This will come as something of a surprise to those who've known me a long time, but I went to my first live show of the year a couple of Sundays ago. (The one song I saw at SXSW doesn't count). This is a combination of my decreasing professional involvement in music, my extreme fatigue with it, and the fact that here in Montpellier, almost no music of interest comes here during the course of the year. True, earlier this year Wire was in town, but I had no money whatsoever for that one. Last year, except for an impromptu visit by some Austin-based musicians, there was nothing at all.
This show, however, was by someone I've known for a long time, John Cale, who's always interesting. And it was also in the Rockstore, which is the second-closest live music venue to my house. (The closest is the bar-restaurant next door, and Cale is far and away not awful enough to play there. I keep hoping their live-music experiment will fail, which is possible: everything else there has).

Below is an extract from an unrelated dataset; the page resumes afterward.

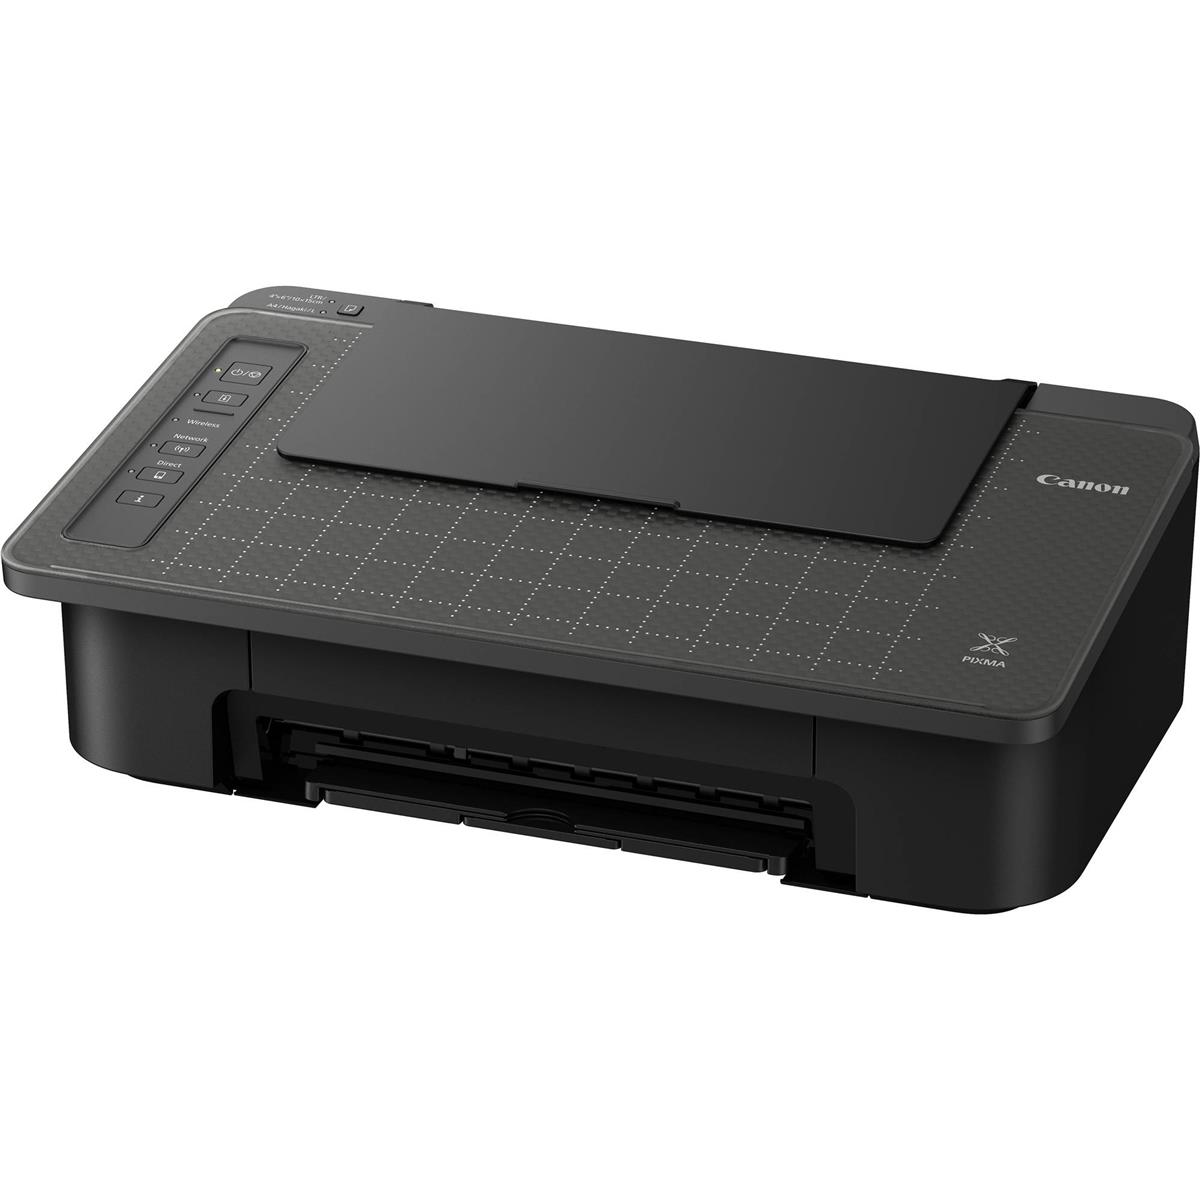 Image of Canon PIXMA TS302 Wireless Inkjet Printer

Except for Wire, they've never had a single act which has interested me, and, as you can see from the upcoming events, that's hardly a surprise. (The Gladiators were interesting when I saw them in the '80s, but as far as I know the original guys are all dead, or there's only one guy left, another of those skeletal reggae bands that plods the circuit, trading on old glories).

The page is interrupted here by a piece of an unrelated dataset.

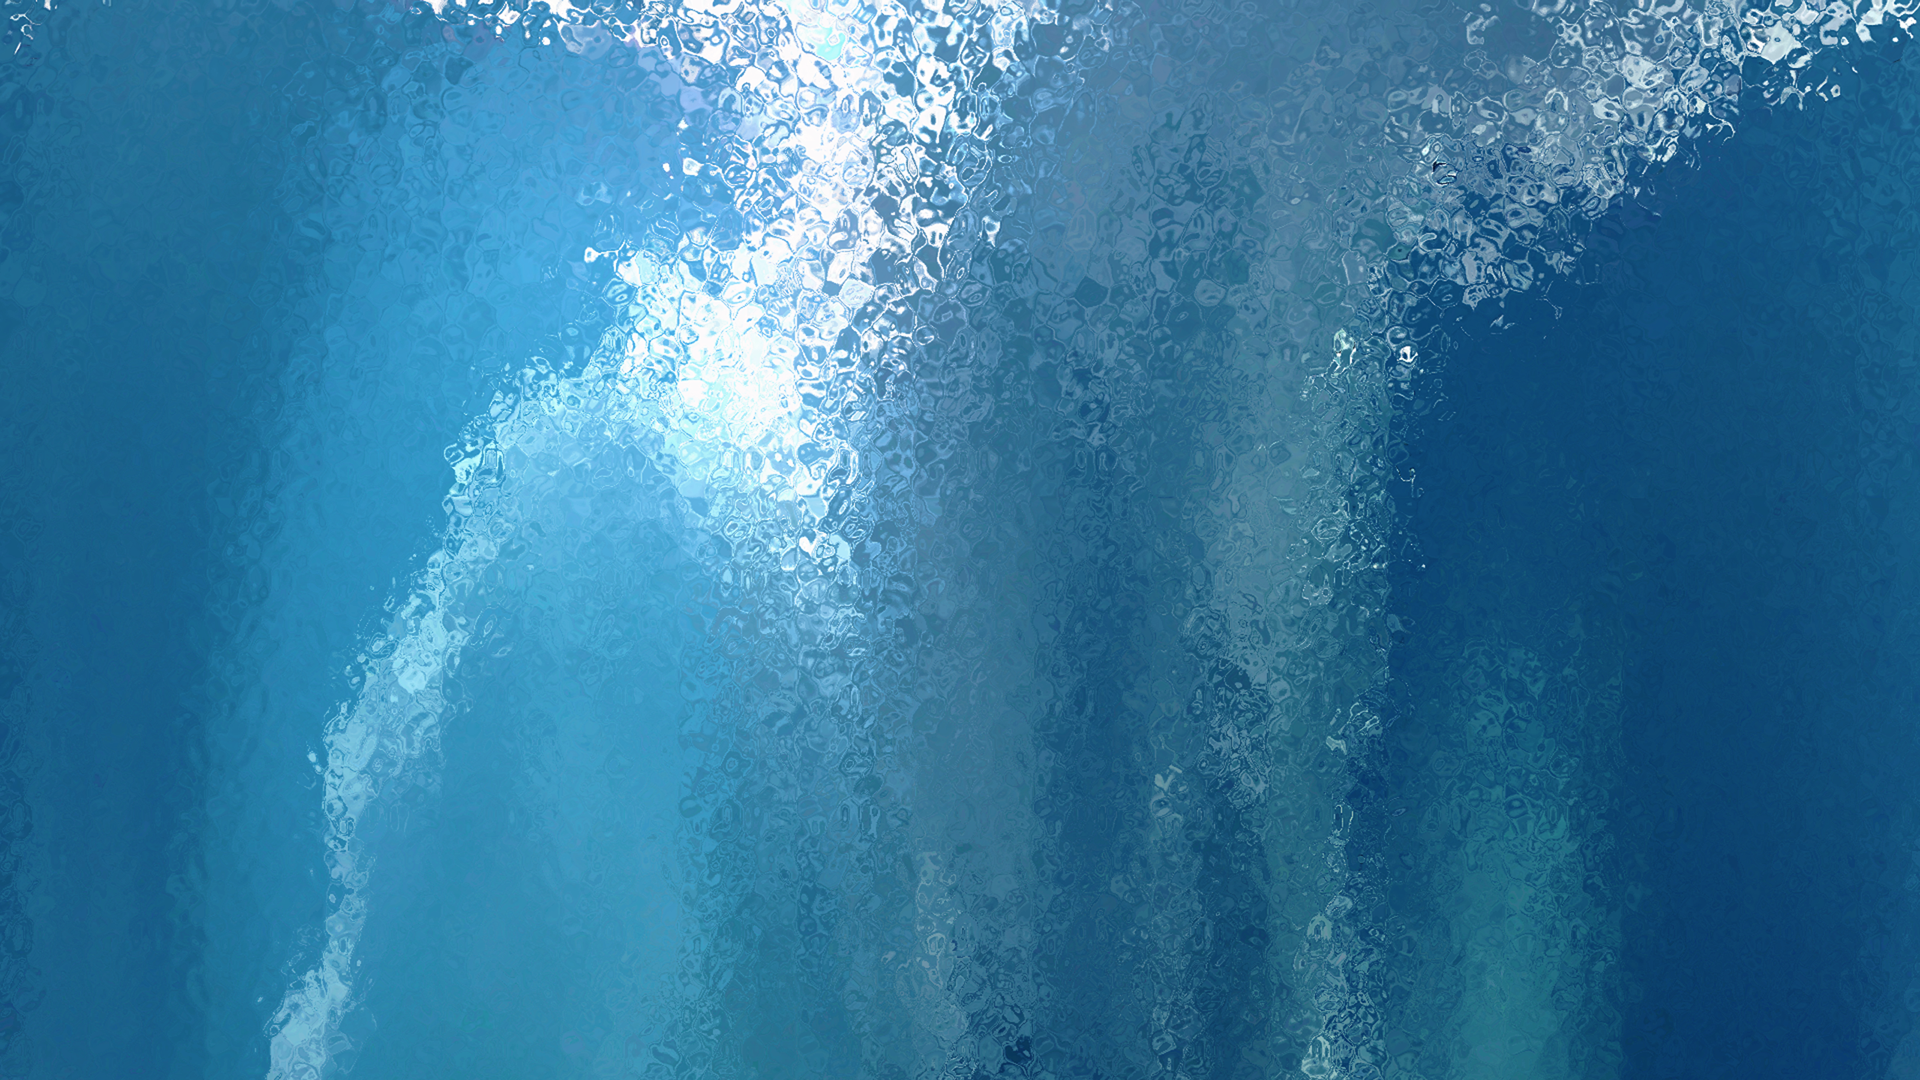 carta da parati ad acqua per pareti,blu,acqua,acqua,turchese,onda

Besides Cale, who was having an off night and seemed to be ill, I was curious to see the venue, which is celebrating its 25th anniversary this year, and festooned the center city with banners showing performance shots of (mostly French) bands I'd never heard of performing there. It's astonishing how the French could have such a huge rock scene without any of it ever leaking out to the wider world. Well, it is unless you've investigated it and noticed how utterly unimaginative 99% of it is: a journalist friend of mine in Paris once took me to see RCA France's big new signing La Fille du Pirate (The Pirate's Daughter -- great band name, huh?), at the Olympia, the legendary Paris venue, and I remember them chiefly because it was such a dull show. Big money had changed hands, and to such little effect. But the reason all the banners were up was because the Rockstore owners had thrown up their hands a couple of years ago, unable to make the place work any more -- and the city of Montpellier stepped in and bought it from them! Just imagine that happening in any U.S. city!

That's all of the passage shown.